Rys.1. Średni miesięczny zasięg lodu morskiego Arktyki (miliony km2) w 2020 r. (czerwona linia), 2007 r. (zielona linia) i 2012 r. (niebieska linia). Szara linia pokazuje średnią wartość z lat 1980-200 wraz z maksymalnym i minimalnym odchyleniem od średniej. (Copernicus Marine Service).


I dalej napisali w niej:

Miesięczna ewolucja pokrywy lodu morskiego wyraźnie obrazuje szybkie tempo utraty lodu każdej wiosny i lata od 2012 roku, wraz z nagłym spowolnieniem spadku zasięgu, który następował każdego sierpnia lub na początku września (z wyjątkiem okresu bliskiego rekordowi – lata 2020). Wraz z tym niezwykłym zachowaniem występuje ogólny ujemny trend ciśnienia na poziomie morza (SLP) nad Oceanem Arktycznym w sierpniu w ciągu ostatnich dwóch dekad, aczkolwiek z dużą zmiennością międzyroczną. Niższe ciśnienie ogólnie powoduje zwiększone zachmurzenie, które zmniejsza promieniowanie słoneczne w dół, przyczyniając się do wolniejszej utraty lodu, wraz z możliwymi efektami kompensującymi promieniowanie długofalowe, które zależy od temperatury podstawy chmur. Co więcej, anomalne niskie ciśnienie ma tendencję do rozprzestrzeniania pokrywy lodowej, ponieważ siły mechaniczne powodują ruch na prawo od prędkości wiatru. Trendy przestrzenne SLP w sierpniu od 2010 do 2020 wykazują ujemne anomalie SLP dominujące na Oceanie Arktycznym wraz z dodatnimi trendami na obszarach kontynentalnych na dużych i średnich szerokościach geograficznych. Przewiduje się, że ciśnienie powierzchniowe nad Arktyką będzie dalej spadać, ponieważ gazy cieplarniane nadal gromadzą się w atmosferze (Vavrus i inni, 2012 ; Koinigket i inni, 2013), być może dostarczając dodatniego sprzężenia zwrotnego na temat tempa utraty lodu morskiego w ocieplającym się świecie.

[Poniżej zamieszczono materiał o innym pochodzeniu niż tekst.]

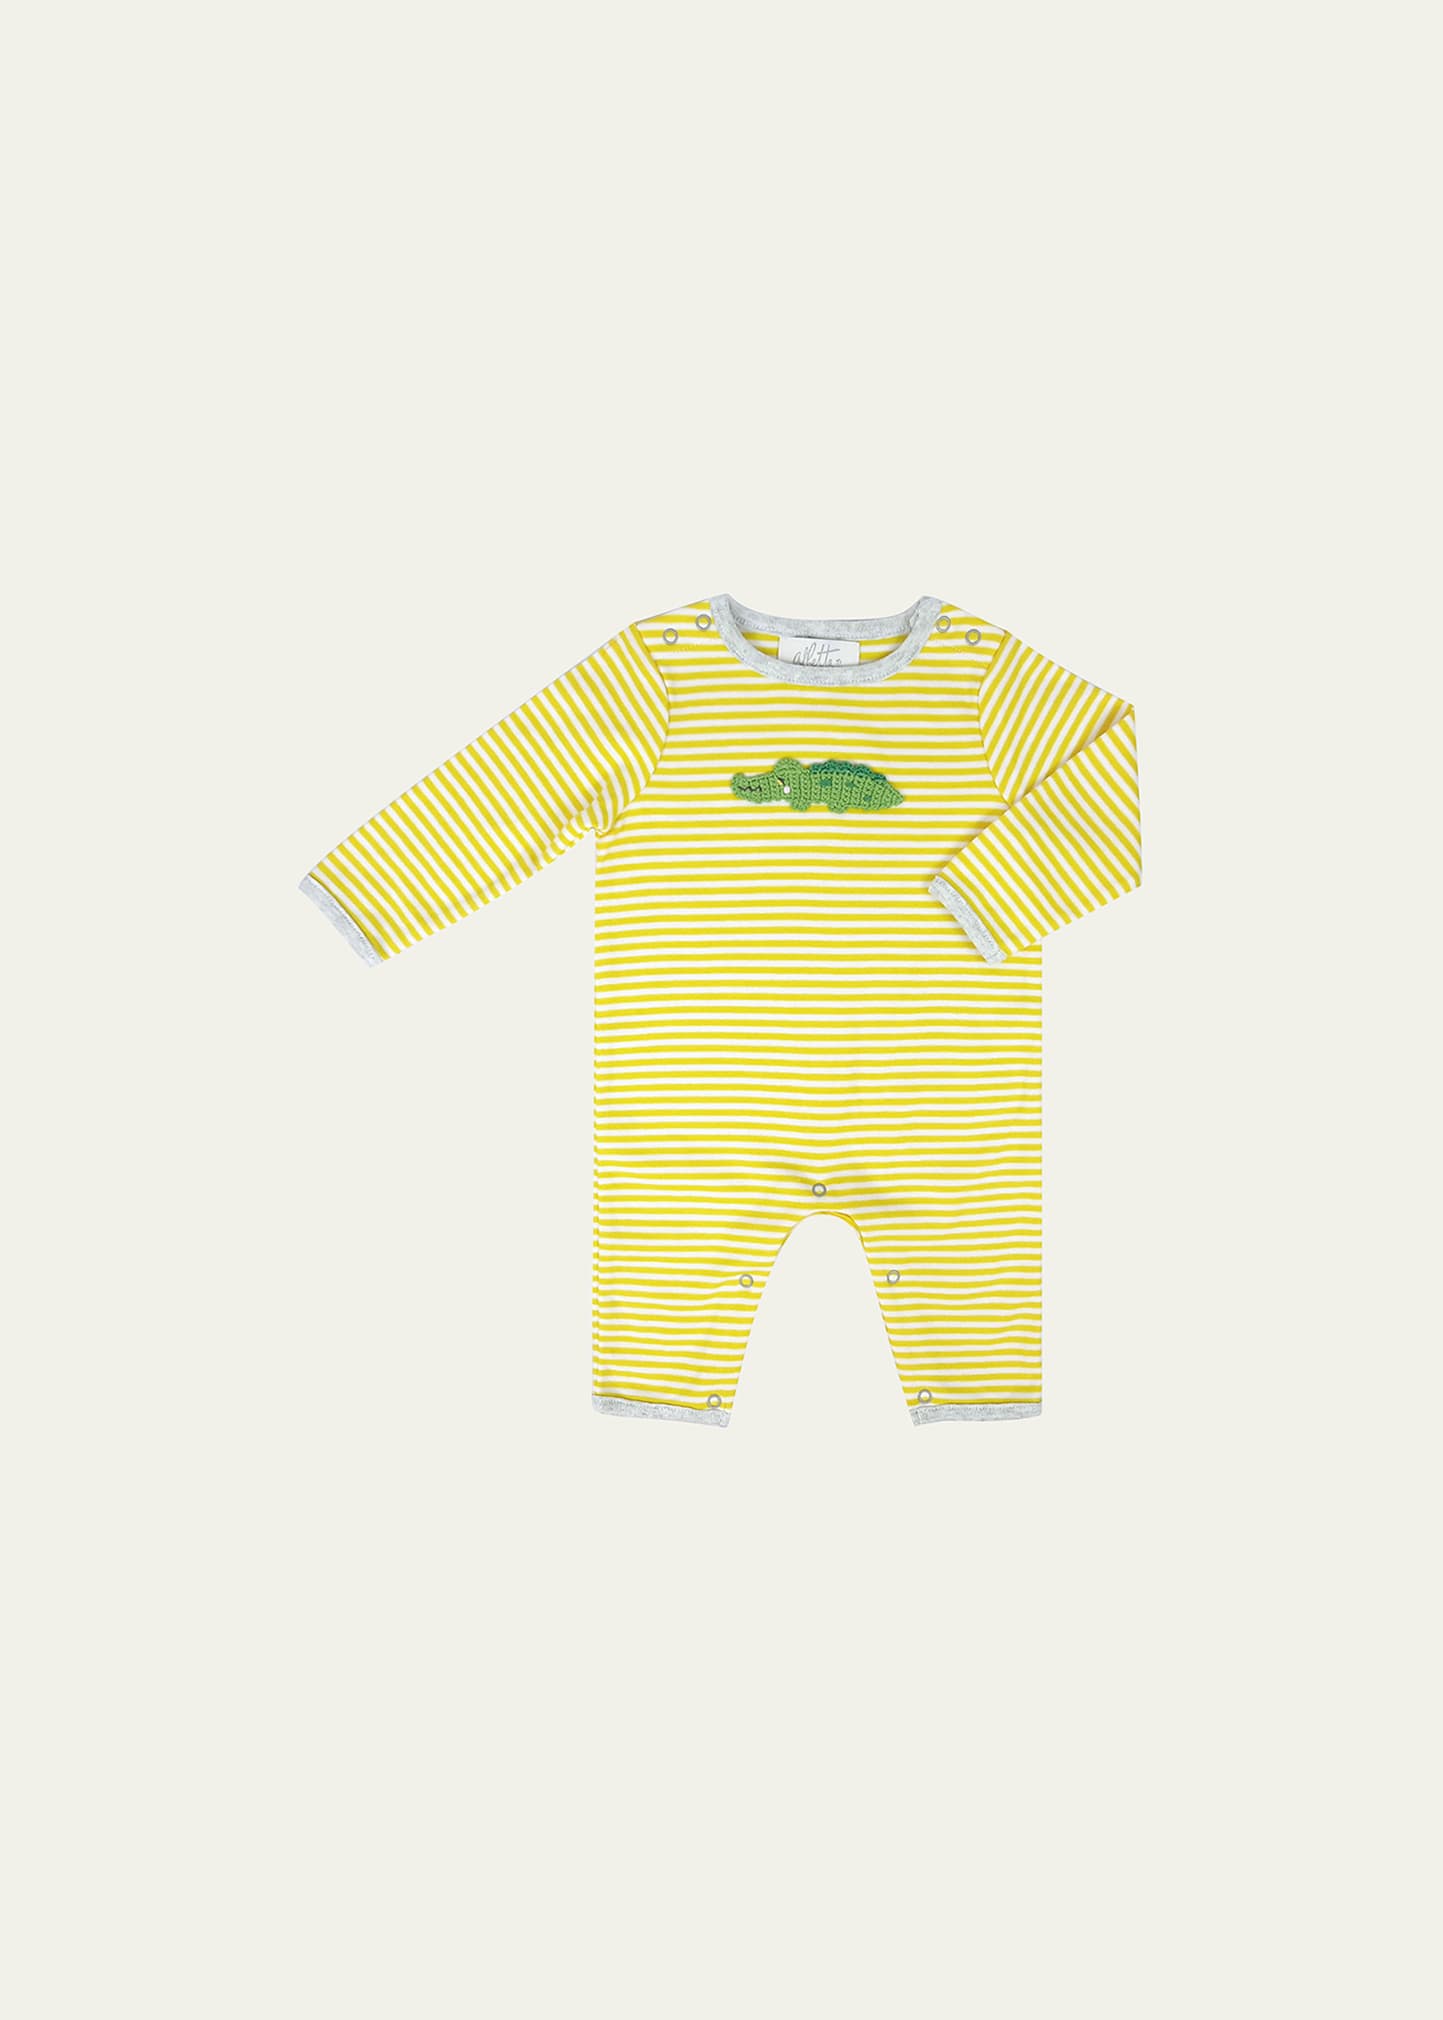 Albetta Kid's Striped Crocodile Applique Coverall In Yellow Stripe

W pracy Francis i Wu wykorzystali dane atmosferyczne na półkuli północnej, obejmujące okres 1979–2020, które zostały udostępnione z Narodowego Centrum dla Prognoz Środowiskowych/Narodowego Centrum Reanaliz Badań Atmosferycznych (NCEP – National Center for Environmental Prediction/NCAR – National Center for Atmospheric Research Reanalysis) (Kalnay i inni, 1996), dostępnej pod adresem http://iridl.ldeo.columbia

Ponadto naukowcy obliczyli dobowe temperatury powietrza przy powierzchni (SAT – Surface AIr Temperature), ciśnienie nad poziomem morza (SLP) (w tym też średnie miesięczne), prędkość wiatrów przy ciśnieniu 300 hPa, stopień pokrywy chmur oraz wysokość geopotencjału.

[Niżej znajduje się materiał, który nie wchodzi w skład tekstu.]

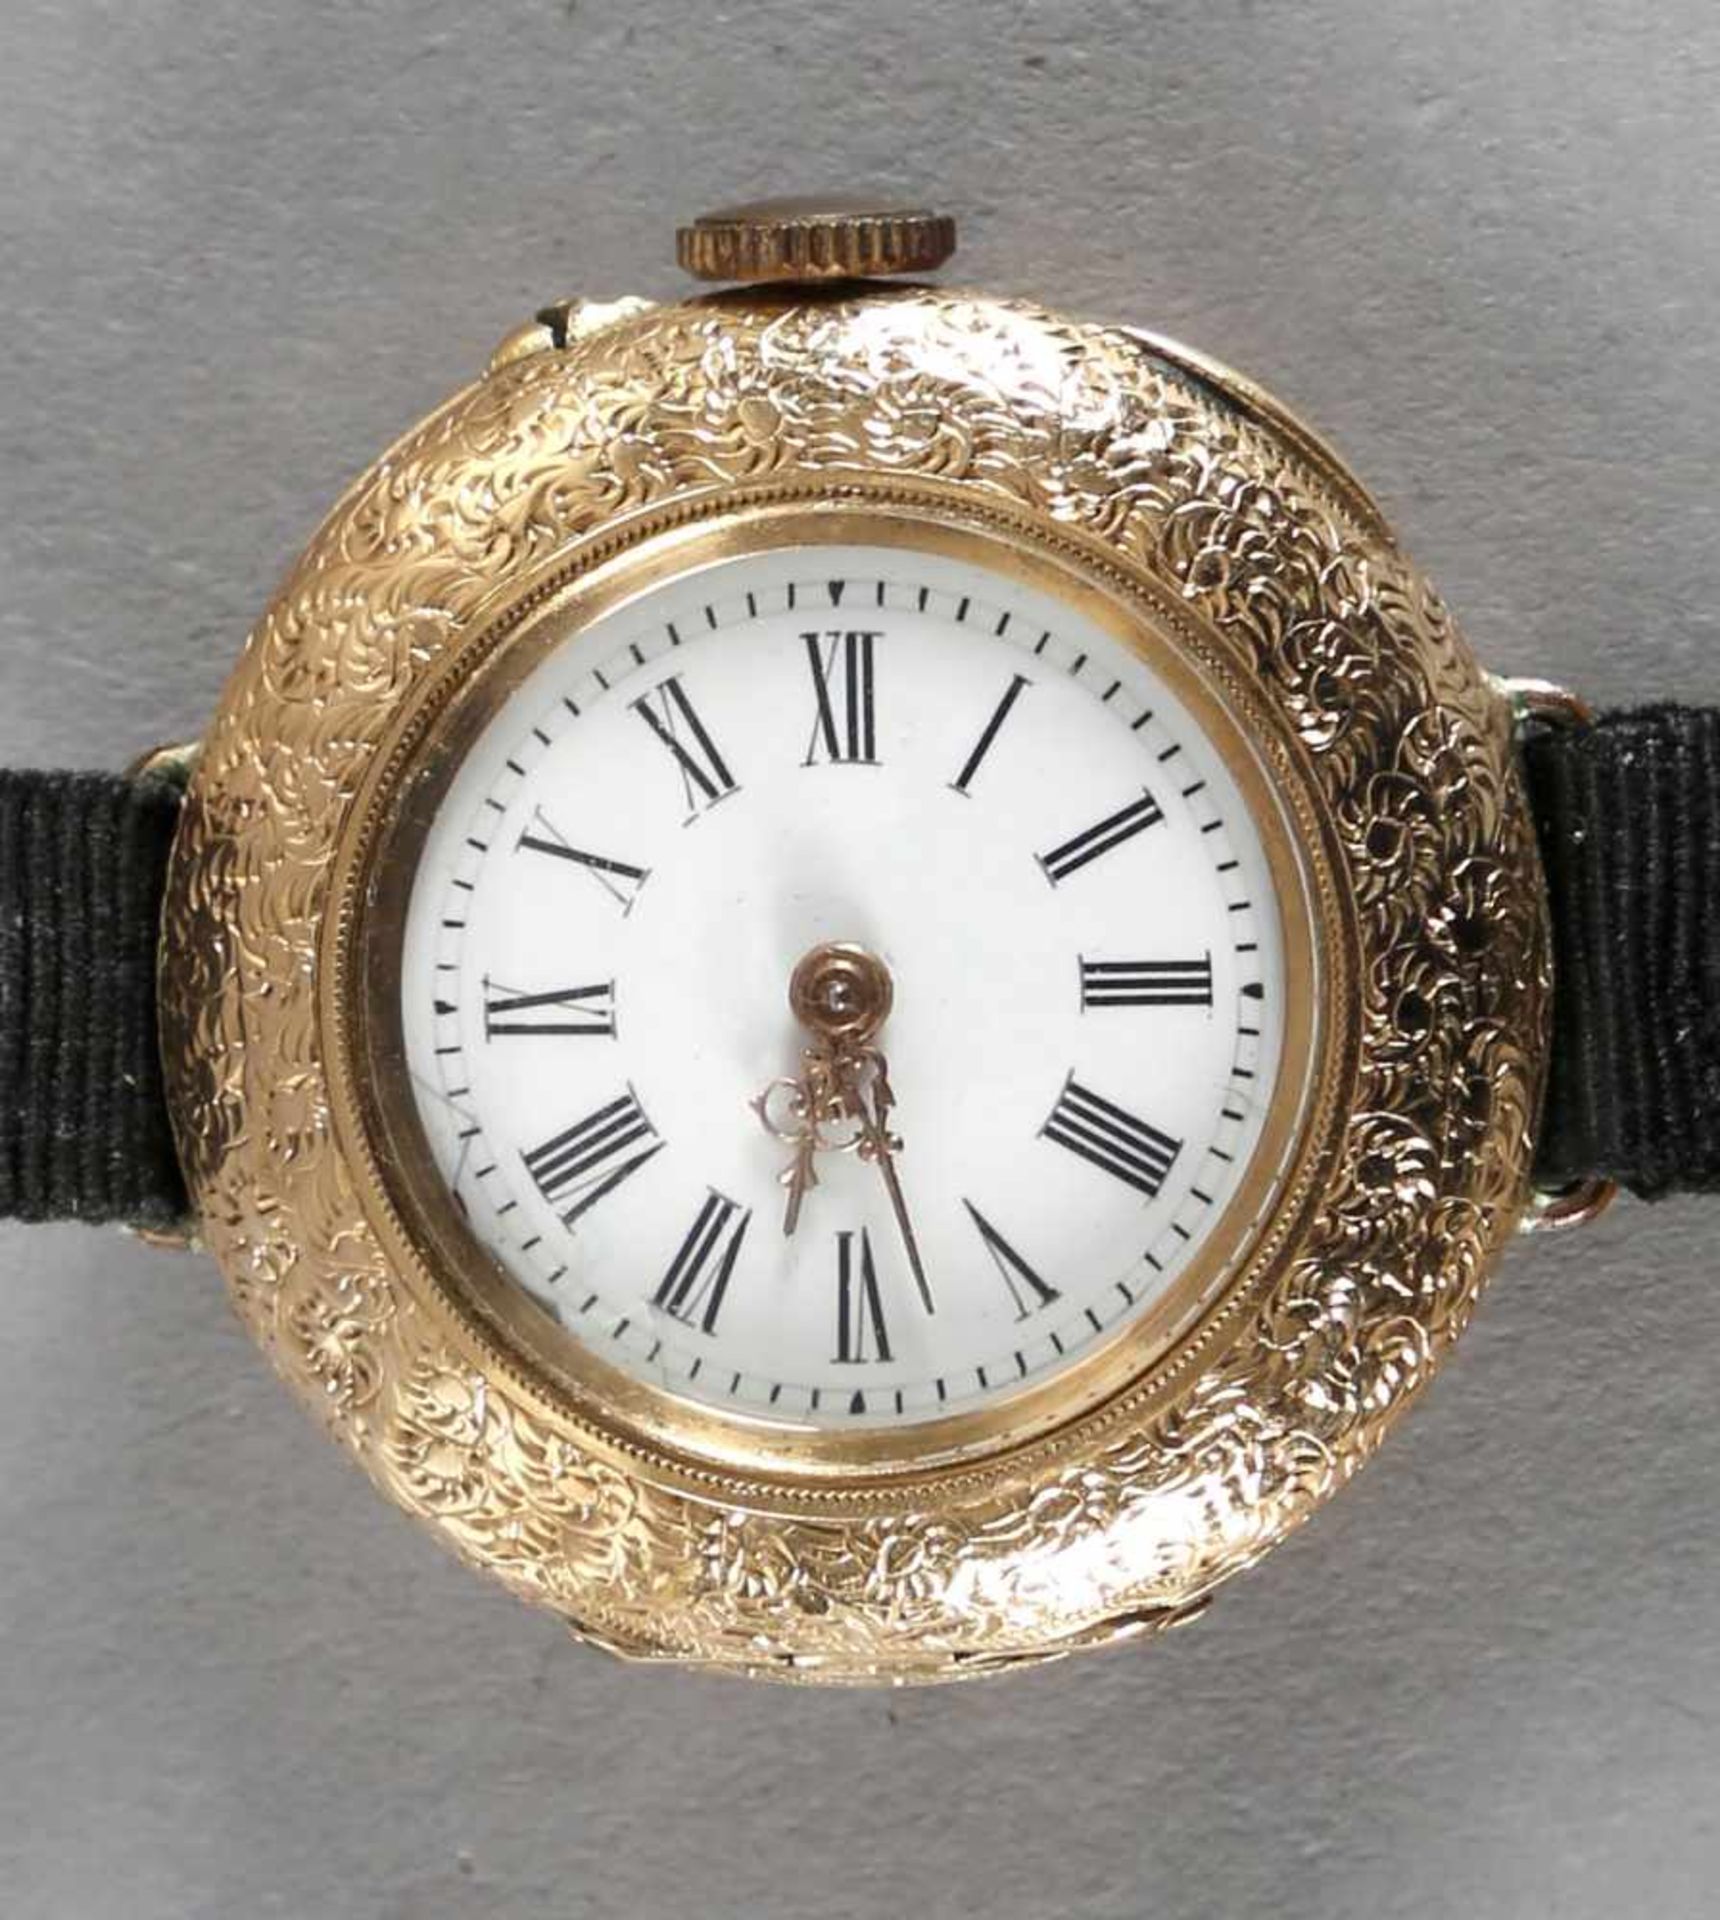 Damenhalsuhr als Armbanduhr, um 1900585er Gold, Innendeckel Metall, wohl deutsch, Kronenaufzug mit

Rys.2. (a) Szeregi czasowe ciśnienia nad poziomem morza (SLP – Seal Level Pressure) [hPa] w okresie sierpnia w latach 1980–2020 na północ od 70°N. Niebieska linia oznacza średnią, a czerwona linia przedstawia trend od 2010 do 2020 roku. (b) Przestrzenny rozkład trendów SLP w sierpniu od 2010 do 2020 [hPa/rok ], z fioletowymi konturami wskazującymi istotność > 90% ufności . Dane pochodzą z reanalizy NCEP/NCAR.

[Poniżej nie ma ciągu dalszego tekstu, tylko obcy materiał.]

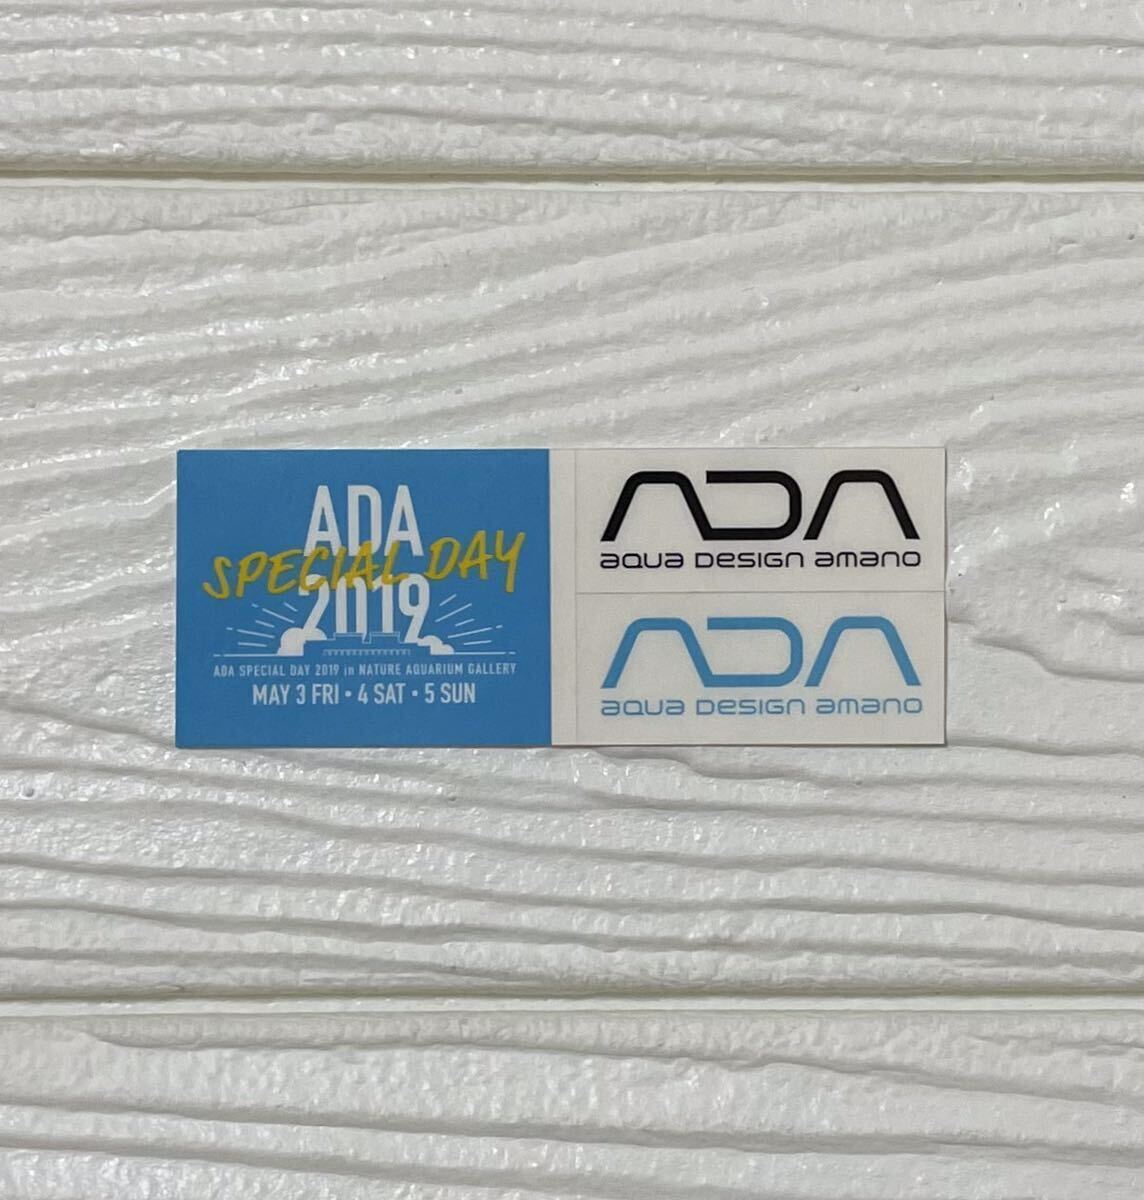 [ супер редкий ]ADA aqua дизайн amano стикер nature аквариум SPECIAL DAY 2019 специальный tei небо . более того

(Jennifer Francis i inni, 2020)


Wskaźnik Zachodniego Wiatru Arktyki (AWI – Arctic Westerly Index) został zdefiniowany jako ważony obszarowo, regionalnie uśredniony wiatr strefowy 300 hPa na północ od 70°N.

W badaniach regresji letnich anomalii grubości 1000–500 hPa, stosując wspomniane dwie główne składowe PC, naukowcy zaobserwowali, że PC1 pokazał jej wartości dodatnie głównie na arktycznych i wschodnich obszarach półkuli północnej, gdzie wysokość geopotencjału w okresie letnim wyniosła 500 hPa. Natomiast PC2 pokazał jej wartości ujemne w środkowej Arktyce oraz silne dodatnie nad środkową szerokością geograficzną Azji Wschodniej, Skandynawią, północno-środkową Ameryką Północną i północno-zachodnim Oceanem Spokojnym.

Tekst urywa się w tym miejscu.